Use SimilarityOpts for case-insensitive or whitespace-trimmed comparisons:

use elid::{levenshtein_with_opts, SimilarityOpts};

let opts = SimilarityOpts {
    case_sensitive: false,
    trim_whitespace: true,
    ..Default::default()
};
let distance = levenshtein_with_opts("  HELLO  ", "hello", &opts); // 0

Feature Flags

| Feature | Description | Dependencies | |---------|-------------|--------------| | strings | String similarity algorithms (default) | None | | embeddings | Embedding encoding (default) | rand, blake3, etc. | | models | Base ONNX model support | tract-onnx | | models-text | Text embedding (Model2Vec, 256-dim) | models | | models-image | Image embedding (MobileNetV3, 1024-dim) | models, image | | wasm | WebAssembly bindings (includes embeddings) | wasm-bindgen, js-sys, getrandom | | python | Python bindings via PyO3 (includes embeddings) | pyo3, numpy, rayon | | ffi | C FFI bindings | None (enables unsafe) |

Performance

  • Zero external dependencies for string-only use
  • O(min(m,n)) space-optimized Levenshtein
  • 1.4M+ string comparisons per second (Python benchmarks)
  • ~96KB WASM binary (strings only)
  • Embedding encoding: <1ms per vector

Built-in Embedding Models

ELID includes optional ONNX models for generating embeddings directly, without external API calls.

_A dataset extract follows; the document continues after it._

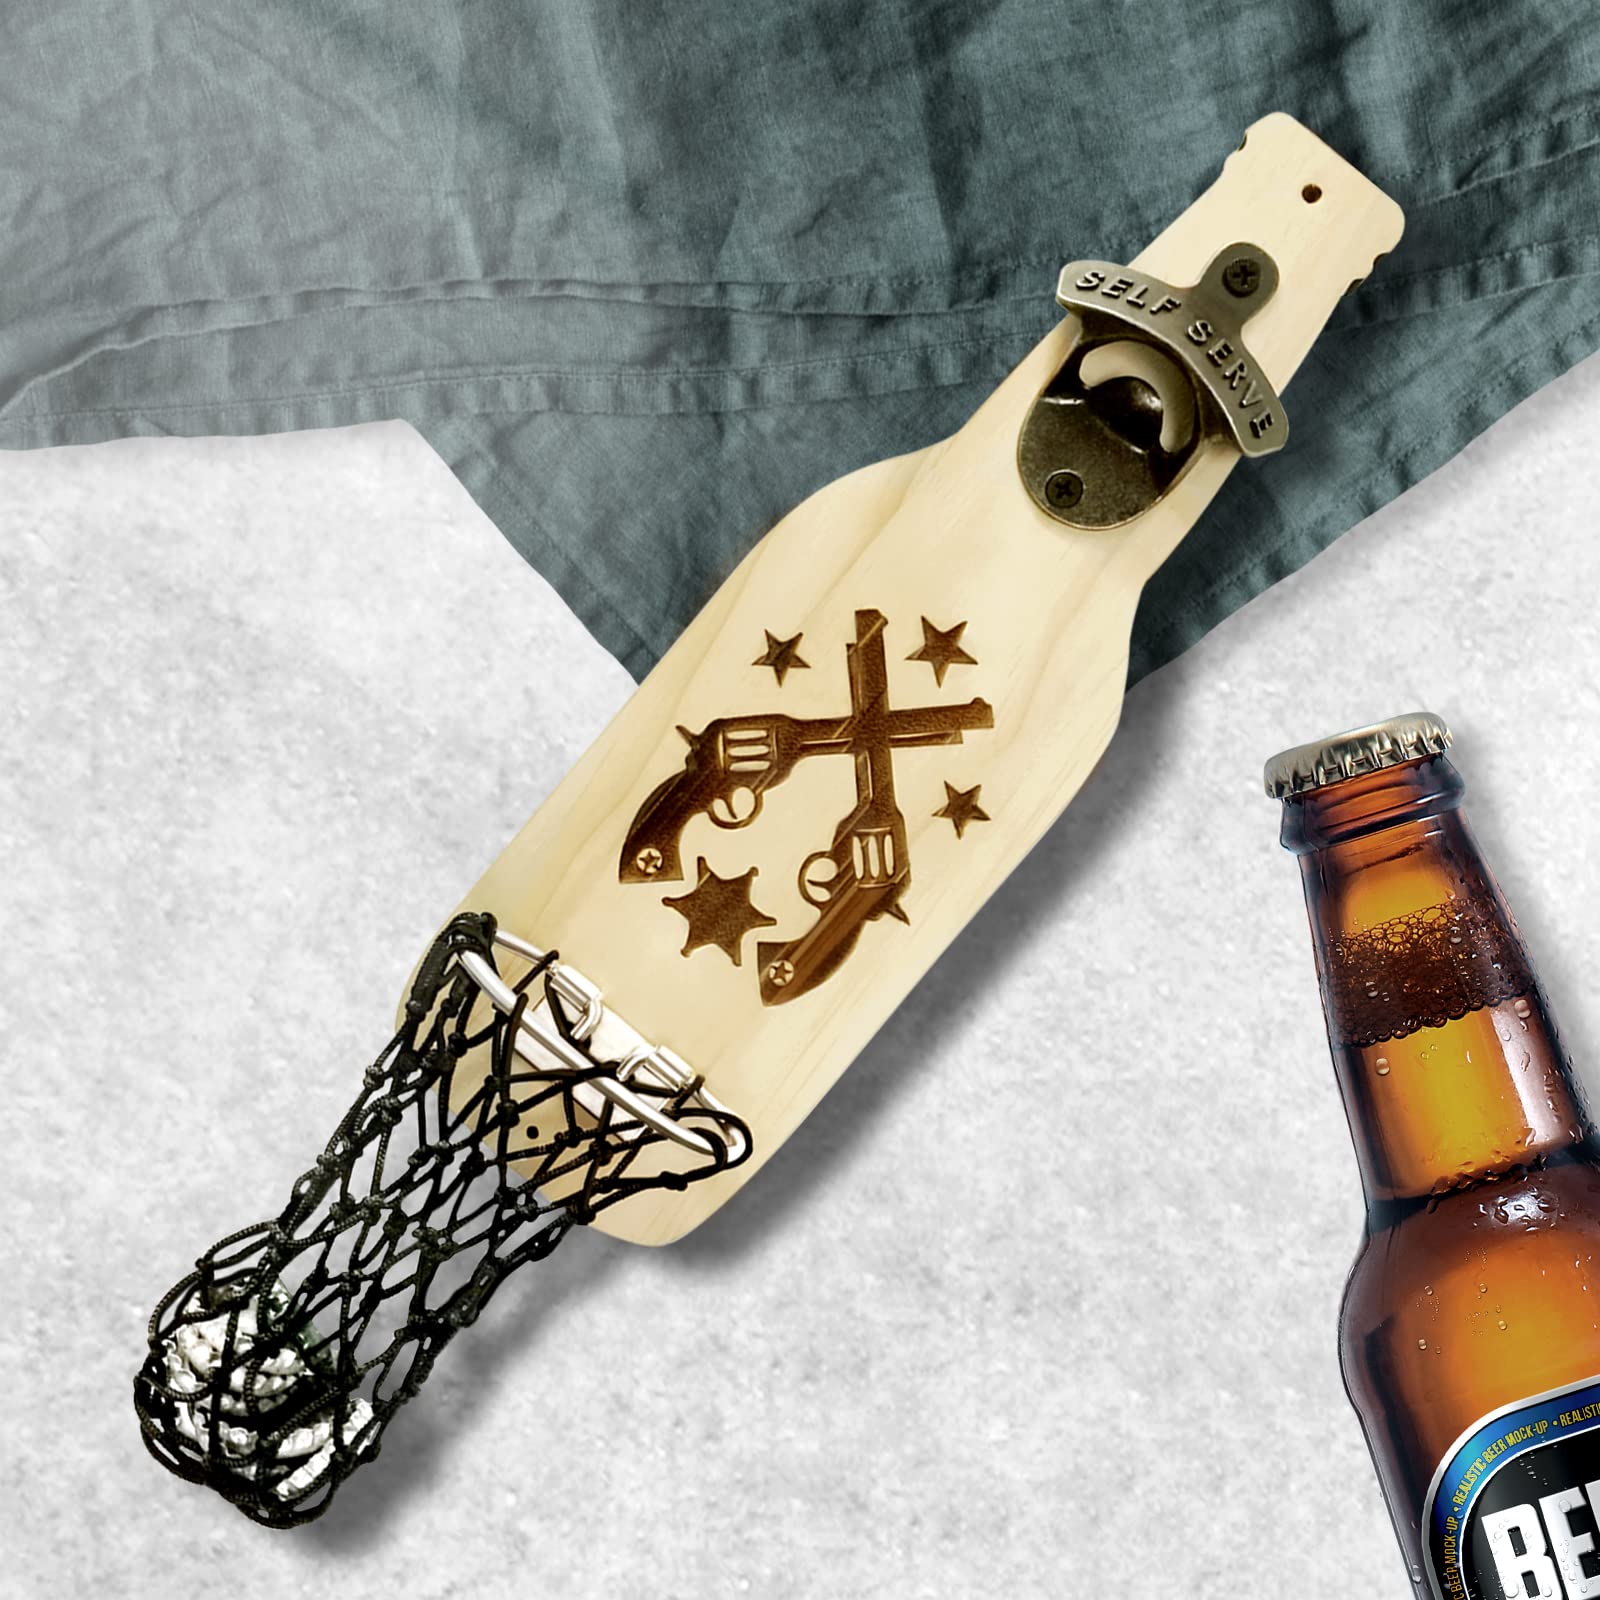 KingLive Bottle Opener - Funny Beer Bottle Opener with Wall Mounted Cap Catcher, Fun and Unique Gifts for Men, Dad, Father, Him, Perfect for Kitchen, Living Room, Bedroom, Outdoor, and Bar Decor

Models are bundled via separate packages:

| Package | Model | Dimensions | Size | |---------|-------|------------|------| | elid-text | Model2Vec potion-base-8M | 256 | ~8MB | | elid-image | MobileNetV3-Small | 1024 | ~5MB |

Text embeddings:

use elid::models::embed_text;

let embedding = embed_text("Hello, world!")?;
assert_eq!(embedding.len(), 256);

Image embeddings:

use elid::models::embed_image;

let bytes = std::fs::read("photo.jpg")?;
let embedding = embed_image(&bytes)?;
assert_eq!(embedding.len(), 1024);

LSH Bands for Database Querying

Convert embeddings to LSH bands for efficient database similarity search:

import { embeddingToBands } from 'elid';

// Split embedding into 4 bands (32 bits each)
const bands = embeddingToBands(embedding, 4);

// Store bands in database columns
// Query with OR across bands for approximate nearest neighbors:
// SELECT * FROM embeddings WHERE band0 = ? OR band1 = ? OR band2 = ? OR band3 = ?
use elid::embeddings::embedding_to_bands;

let bands = embedding_to_bands(&embedding, 4, 0x454c4944_53494d48);
// bands: Vec<String> with 4 base32hex-encoded band strings

Use Cases

Vector Search Without Vector Stores

Store ELIDs directly in PostgreSQL, SQLite, or any database:

-- Create index on ELID column
CREATE INDEX idx_documents_elid ON documents(elid);

-- Find similar documents using string prefix matching
SELECT * FROM documents
WHERE elid LIKE 'abc%'  -- Prefix match for locality
ORDER BY elid;

Deduplication

Use SimHash to find near-duplicate content:

let hash1 = simhash("The quick brown fox");
let hash2 = simhash("The quick brown dog");
let similarity = simhash_similarity_from_hashes(hash1, hash2);
if similarity > 0.9 {
    println!("Likely duplicates!");
}

Fuzzy Search

Find matches with typo tolerance:

let candidates = vec!["apple", "application", "apply", "banana"];
let matches = find_matches_above_threshold("aple", &candidates, 0.7);
// Returns: [("apple", 0.8), ...]

Building

git clone https://github.com/ZachHandley/ELID.git
cd ELID

cargo build --release
cargo test
cargo bench
cargo run --example basic_usage

License

Dual-licensed under MIT or Apache-2.0 at your option.